■ TASK PROMPT
Please set down every record exactly as it appears below.

■ LISTED ENTRIES

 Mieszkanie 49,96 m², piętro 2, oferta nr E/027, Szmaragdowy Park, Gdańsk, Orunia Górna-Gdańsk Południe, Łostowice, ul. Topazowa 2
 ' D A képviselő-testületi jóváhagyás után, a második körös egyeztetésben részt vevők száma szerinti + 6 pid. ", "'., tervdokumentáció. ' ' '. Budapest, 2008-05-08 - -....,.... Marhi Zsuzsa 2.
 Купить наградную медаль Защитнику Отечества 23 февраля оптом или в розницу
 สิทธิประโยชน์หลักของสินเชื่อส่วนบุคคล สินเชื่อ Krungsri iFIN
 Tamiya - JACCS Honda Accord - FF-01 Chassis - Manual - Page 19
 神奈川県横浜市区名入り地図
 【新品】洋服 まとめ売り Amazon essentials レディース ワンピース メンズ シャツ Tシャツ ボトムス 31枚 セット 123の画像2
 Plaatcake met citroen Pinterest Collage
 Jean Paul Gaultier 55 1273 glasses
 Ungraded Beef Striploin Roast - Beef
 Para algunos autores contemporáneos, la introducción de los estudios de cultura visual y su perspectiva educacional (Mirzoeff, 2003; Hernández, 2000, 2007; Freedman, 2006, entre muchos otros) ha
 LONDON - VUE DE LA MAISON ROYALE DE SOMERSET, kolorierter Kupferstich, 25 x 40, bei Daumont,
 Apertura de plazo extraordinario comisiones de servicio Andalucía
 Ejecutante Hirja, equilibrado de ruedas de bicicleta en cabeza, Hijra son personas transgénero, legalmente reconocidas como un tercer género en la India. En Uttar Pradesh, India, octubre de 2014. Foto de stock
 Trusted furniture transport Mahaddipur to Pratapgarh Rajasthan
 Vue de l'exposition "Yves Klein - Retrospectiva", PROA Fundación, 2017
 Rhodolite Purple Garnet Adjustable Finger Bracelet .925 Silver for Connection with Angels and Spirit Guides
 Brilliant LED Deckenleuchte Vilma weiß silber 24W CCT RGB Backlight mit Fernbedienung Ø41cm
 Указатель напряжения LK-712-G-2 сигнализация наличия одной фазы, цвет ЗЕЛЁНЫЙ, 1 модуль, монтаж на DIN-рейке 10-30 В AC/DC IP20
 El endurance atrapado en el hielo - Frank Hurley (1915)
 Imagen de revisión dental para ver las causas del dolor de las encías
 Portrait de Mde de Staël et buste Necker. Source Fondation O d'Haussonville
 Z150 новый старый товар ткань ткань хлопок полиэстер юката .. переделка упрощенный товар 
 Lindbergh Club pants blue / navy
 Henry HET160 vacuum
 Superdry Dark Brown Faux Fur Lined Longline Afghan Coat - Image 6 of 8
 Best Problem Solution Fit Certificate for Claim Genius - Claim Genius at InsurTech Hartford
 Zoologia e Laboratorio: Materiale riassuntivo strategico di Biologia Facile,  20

■ THE ANSWER
 Mieszkanie 49,96 m², piętro 2, oferta nr E/027, Szmaragdowy Park, Gdańsk, Orunia Górna-Gdańsk Południe, Łostowice, ul. Topazowa 2
 ' D A képviselő-testületi jóváhagyás után, a második körös egyeztetésben részt vevők száma szerinti + 6 pid. ", "'., tervdokumentáció. ' ' '. Budapest, 2008-05-08 - -....,.... Marhi Zsuzsa 2.
 Купить наградную медаль Защитнику Отечества 23 февраля оптом или в розницу
 สิทธิประโยชน์หลักของสินเชื่อส่วนบุคคล สินเชื่อ Krungsri iFIN
 Tamiya - JACCS Honda Accord - FF-01 Chassis - Manual - Page 19
 神奈川県横浜市区名入り地図
 【新品】洋服 まとめ売り Amazon essentials レディース ワンピース メンズ シャツ Tシャツ ボトムス 31枚 セット 123の画像2
 Plaatcake met citroen Pinterest Collage
 Jean Paul Gaultier 55 1273 glasses
 Ungraded Beef Striploin Roast - Beef
 Para algunos autores contemporáneos, la introducción de los estudios de cultura visual y su perspectiva educacional (Mirzoeff, 2003; Hernández, 2000, 2007; Freedman, 2006, entre muchos otros) ha
 LONDON - VUE DE LA MAISON ROYALE DE SOMERSET, kolorierter Kupferstich, 25 x 40, bei Daumont,
 Apertura de plazo extraordinario comisiones de servicio Andalucía
 Ejecutante Hirja, equilibrado de ruedas de bicicleta en cabeza, Hijra son personas transgénero, legalmente reconocidas como un tercer género en la India. En Uttar Pradesh, India, octubre de 2014. Foto de stock
 Trusted furniture transport Mahaddipur to Pratapgarh Rajasthan
 Vue de l'exposition "Yves Klein - Retrospectiva", PROA Fundación, 2017
 Rhodolite Purple Garnet Adjustable Finger Bracelet .925 Silver for Connection with Angels and Spirit Guides
 Brilliant LED Deckenleuchte Vilma weiß silber 24W CCT RGB Backlight mit Fernbedienung Ø41cm
 Указатель напряжения LK-712-G-2 сигнализация наличия одной фазы, цвет ЗЕЛЁНЫЙ, 1 модуль, монтаж на DIN-рейке 10-30 В AC/DC IP20
 El endurance atrapado en el hielo - Frank Hurley (1915)
 Imagen de revisión dental para ver las causas del dolor de las encías
 Portrait de Mde de Staël et buste Necker. Source Fondation O d'Haussonville
 Z150 новый старый товар ткань ткань хлопок полиэстер юката .. переделка упрощенный товар 
 Lindbergh Club pants blue / navy
 Henry HET160 vacuum
 Superdry Dark Brown Faux Fur Lined Longline Afghan Coat - Image 6 of 8
 Best Problem Solution Fit Certificate for Claim Genius - Claim Genius at InsurTech Hartford
 Zoologia e Laboratorio: Materiale riassuntivo strategico di Biologia Facile,  20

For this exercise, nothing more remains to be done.